BEGIN
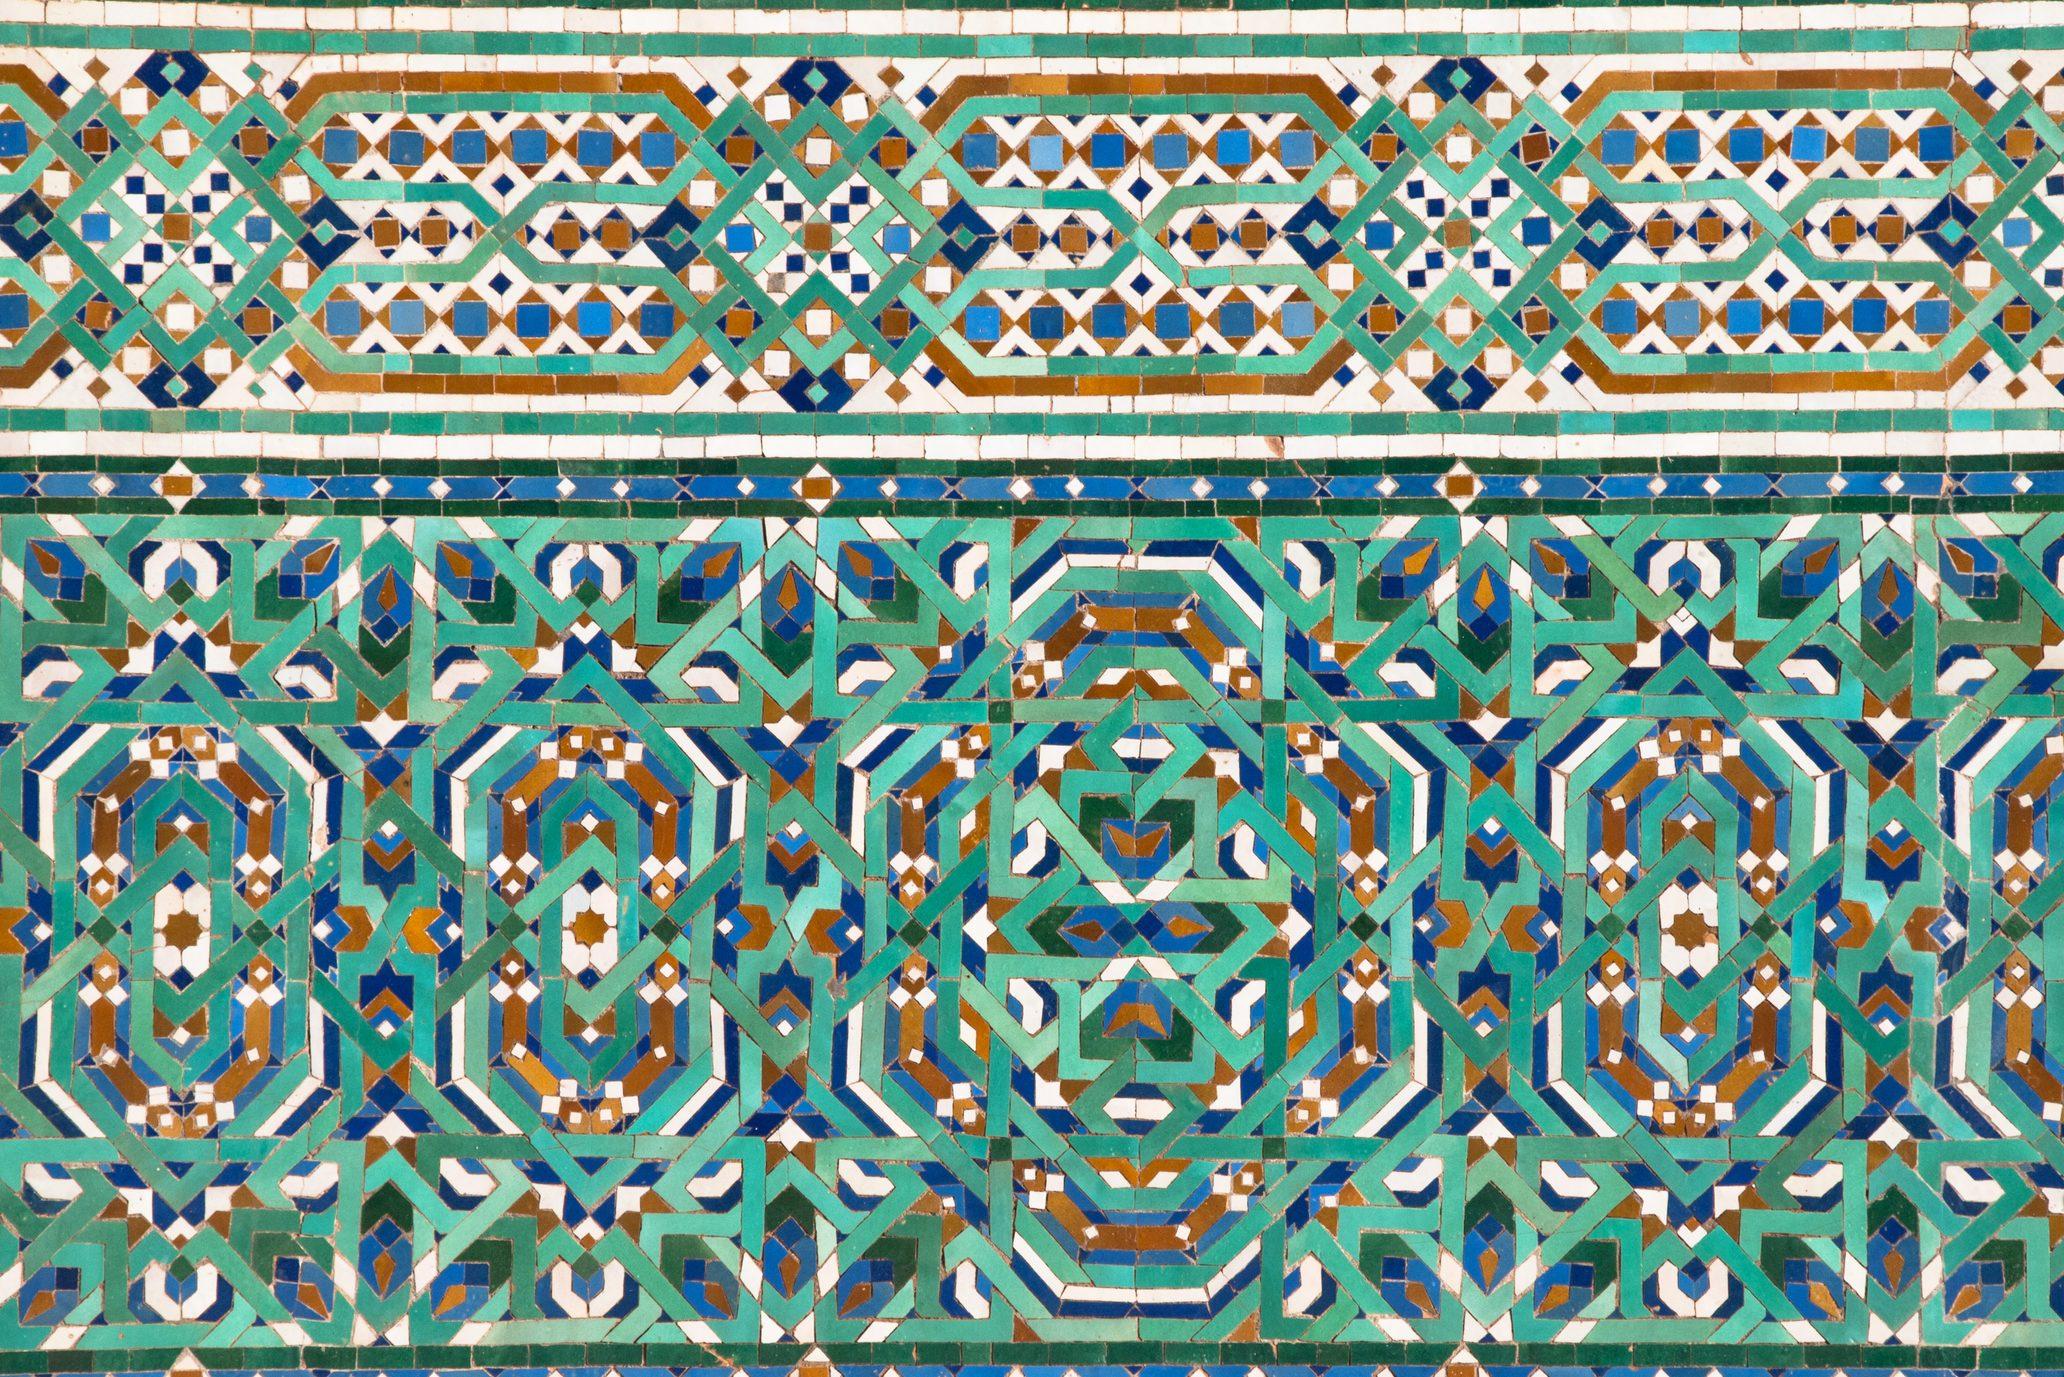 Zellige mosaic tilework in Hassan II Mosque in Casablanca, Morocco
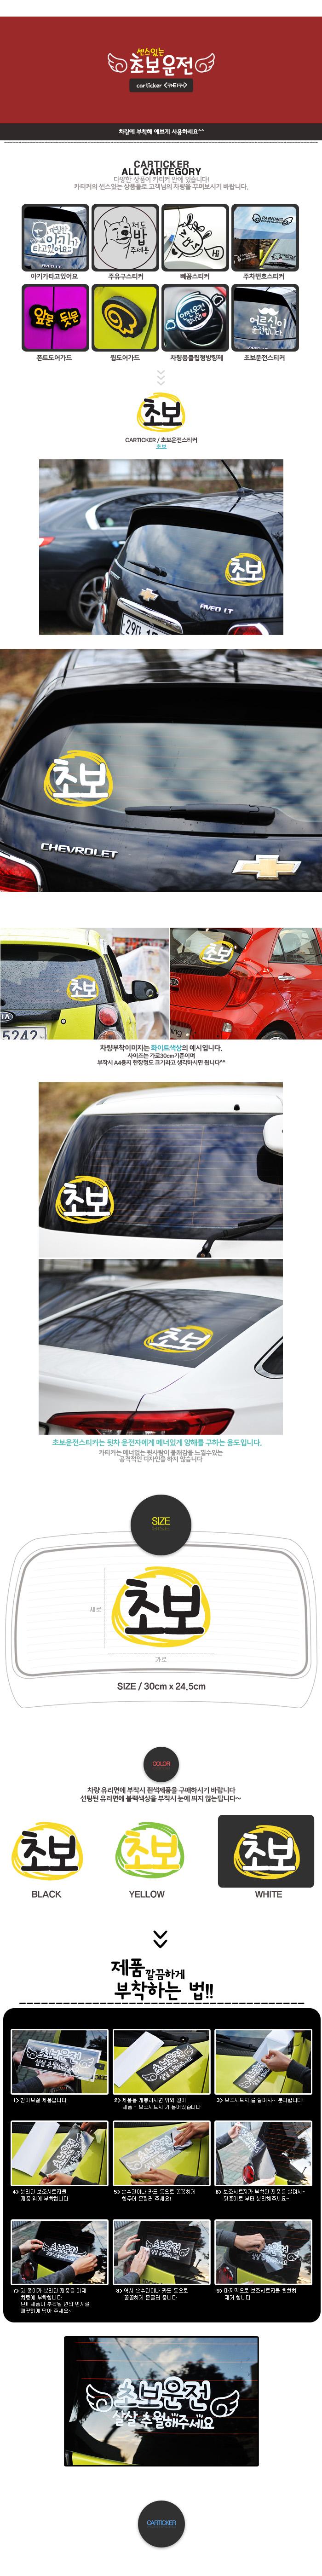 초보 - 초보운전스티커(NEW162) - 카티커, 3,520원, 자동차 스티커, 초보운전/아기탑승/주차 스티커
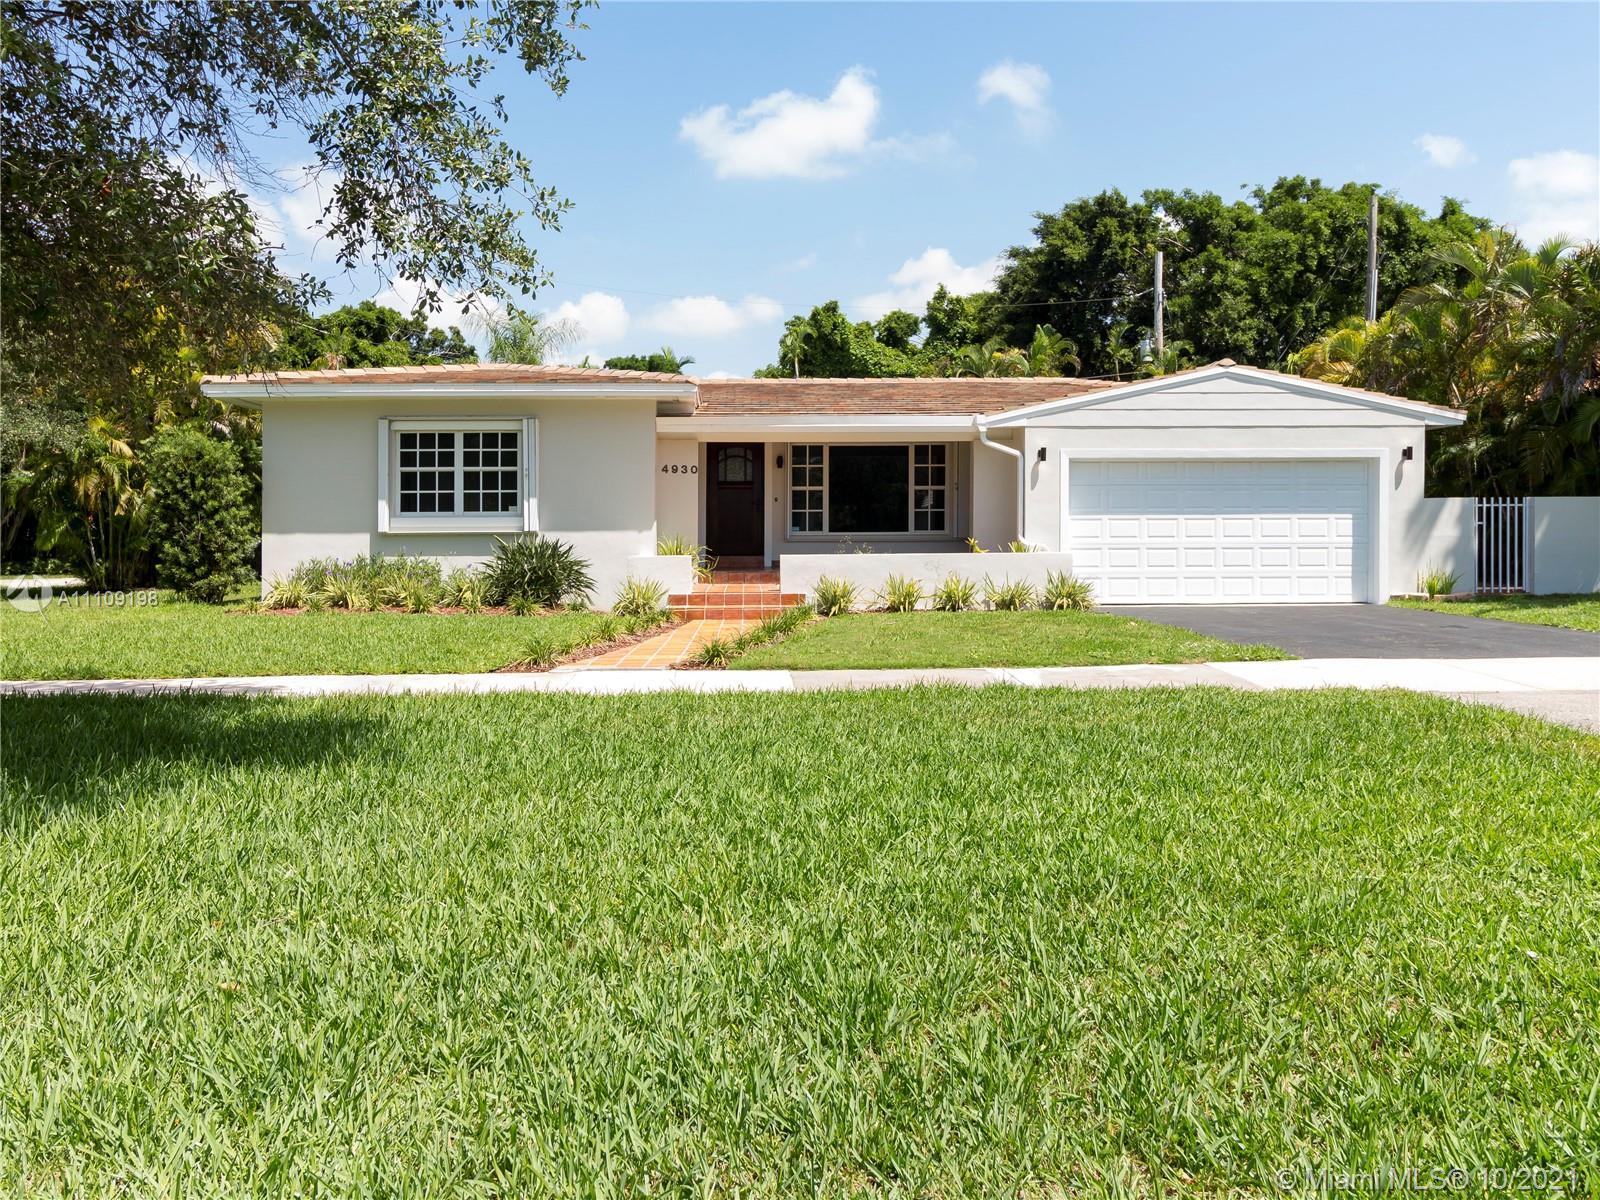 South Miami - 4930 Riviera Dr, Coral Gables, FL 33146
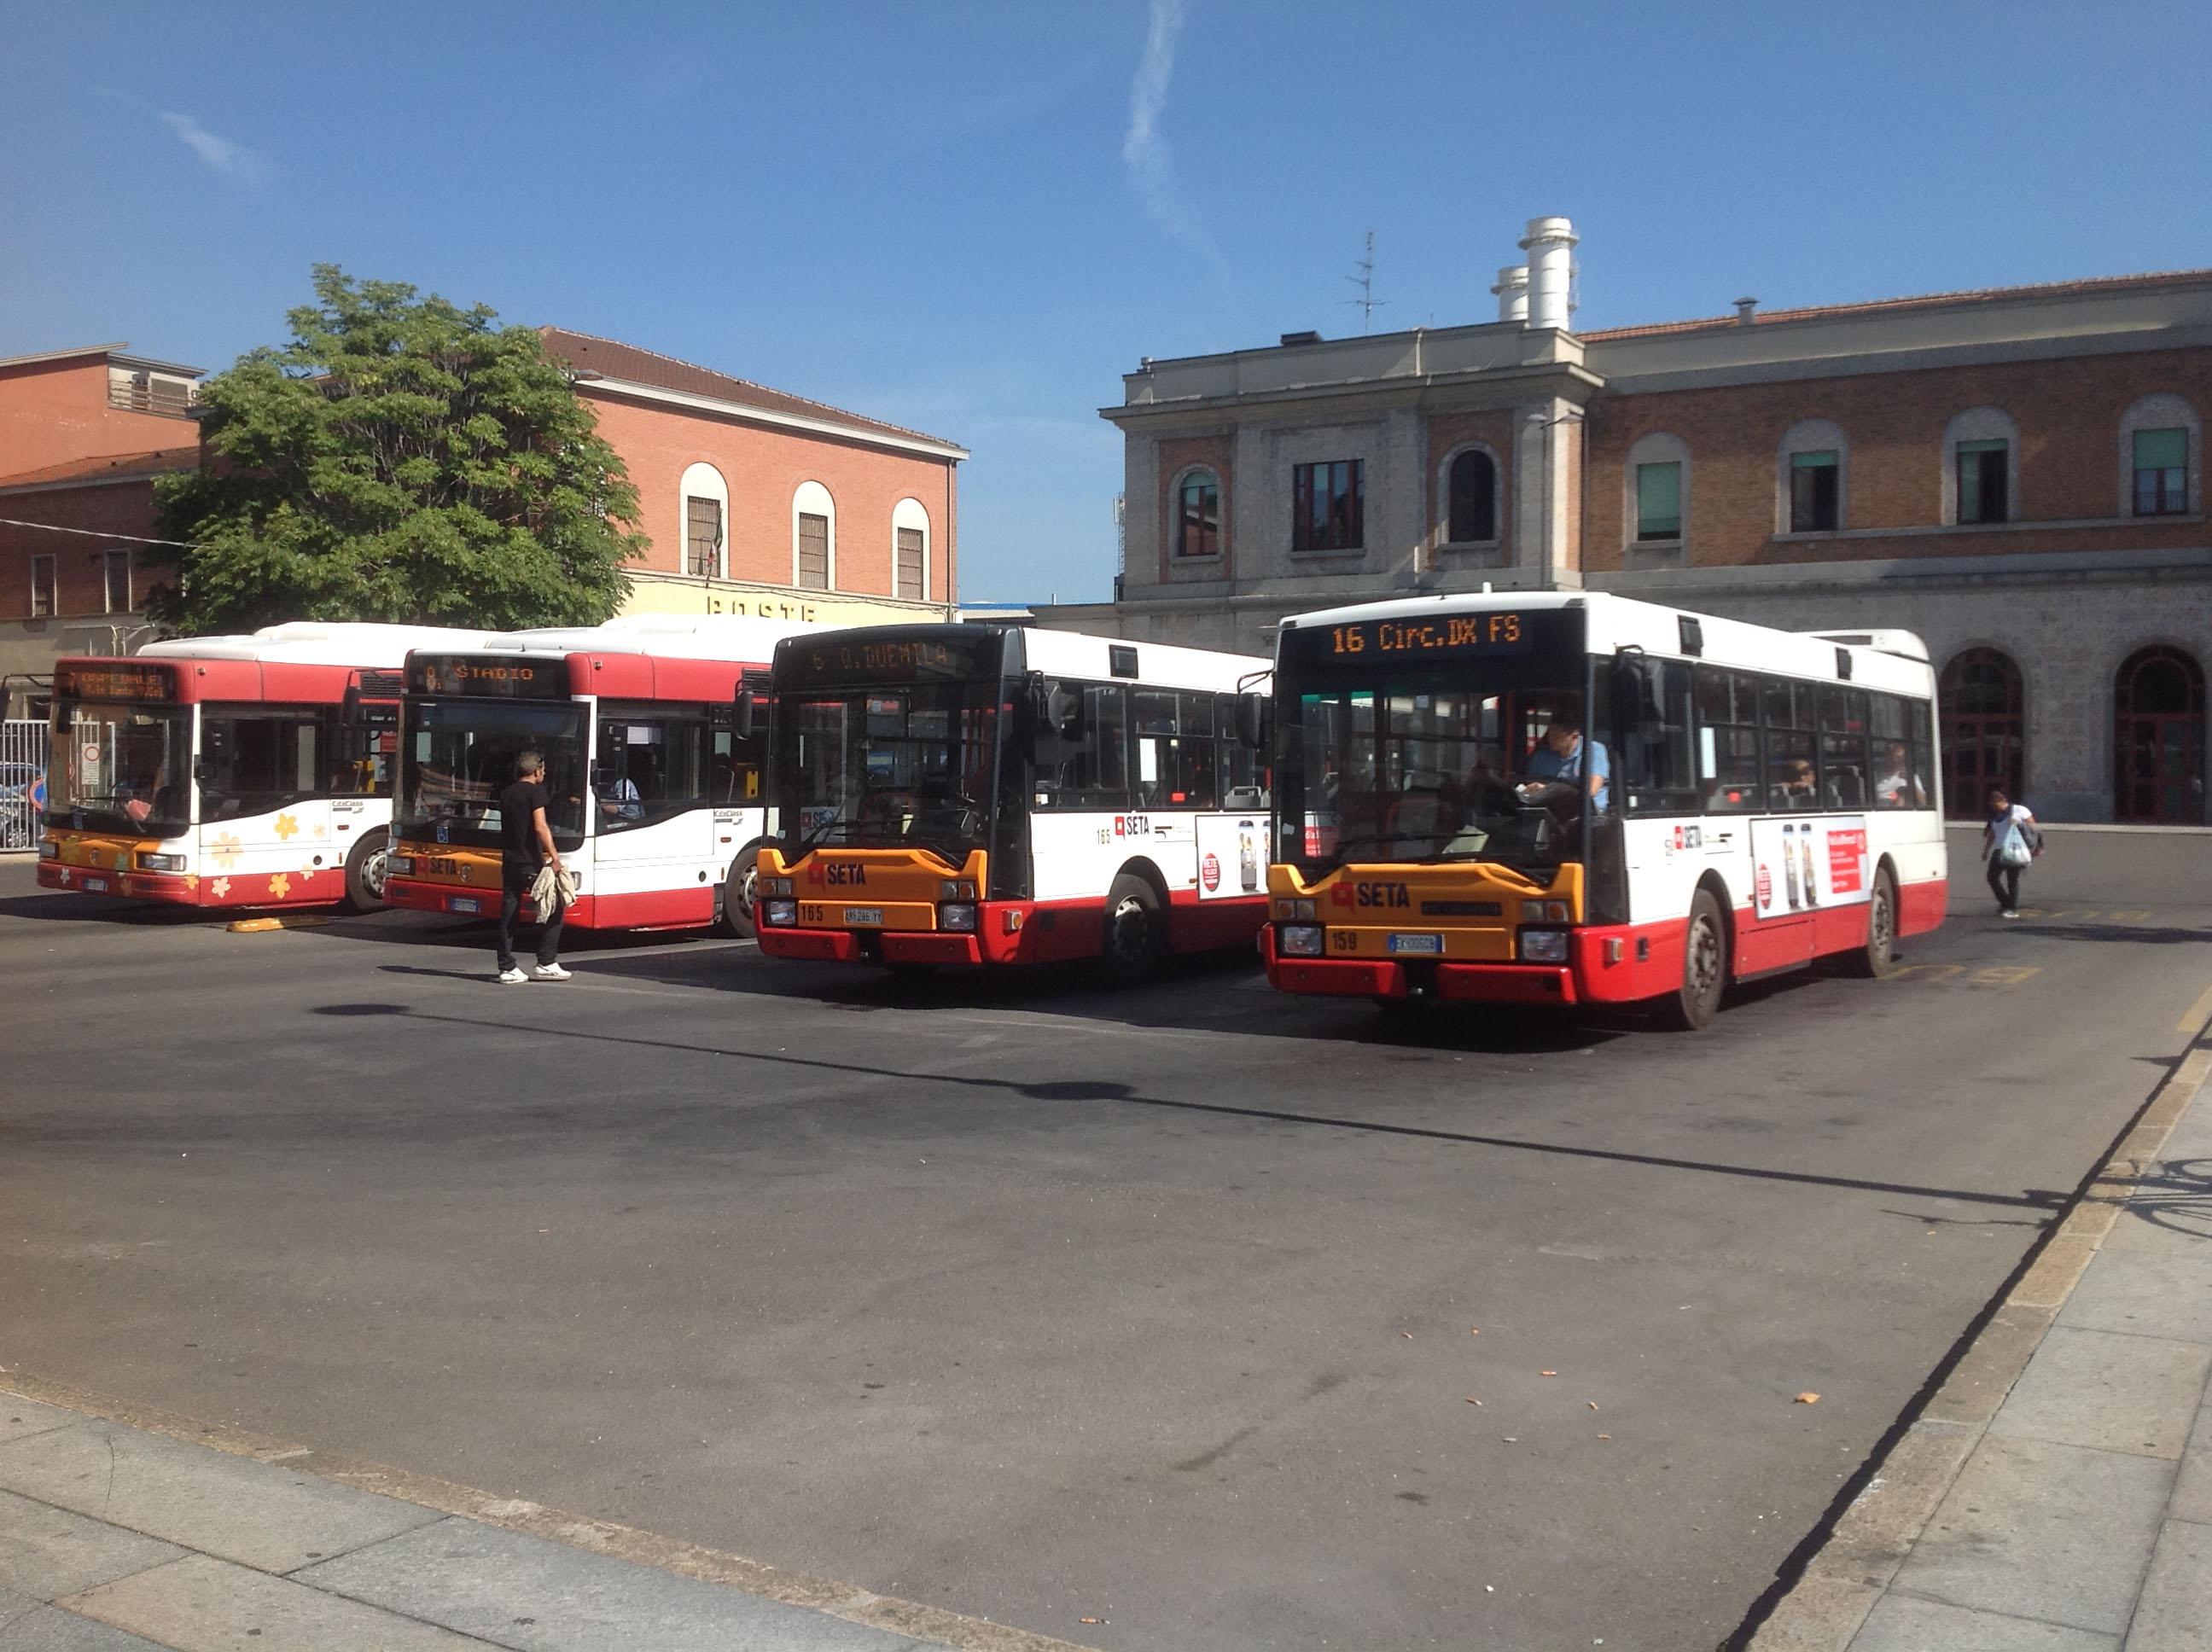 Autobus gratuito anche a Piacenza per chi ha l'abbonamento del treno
END
*What is needed*
Reproduce the entire listing above precisely, but keep the images out.

*Task solution*
 Zellige mosaic tilework in Hassan II Mosque in Casablanca, Morocco
 초보 - 초보운전스티커(NEW162) - 카티커, 3,520원, 자동차 스티커, 초보운전/아기탑승/주차 스티커
 South Miami - 4930 Riviera Dr, Coral Gables, FL 33146
 Autobus gratuito anche a Piacenza per chi ha l'abbonamento del treno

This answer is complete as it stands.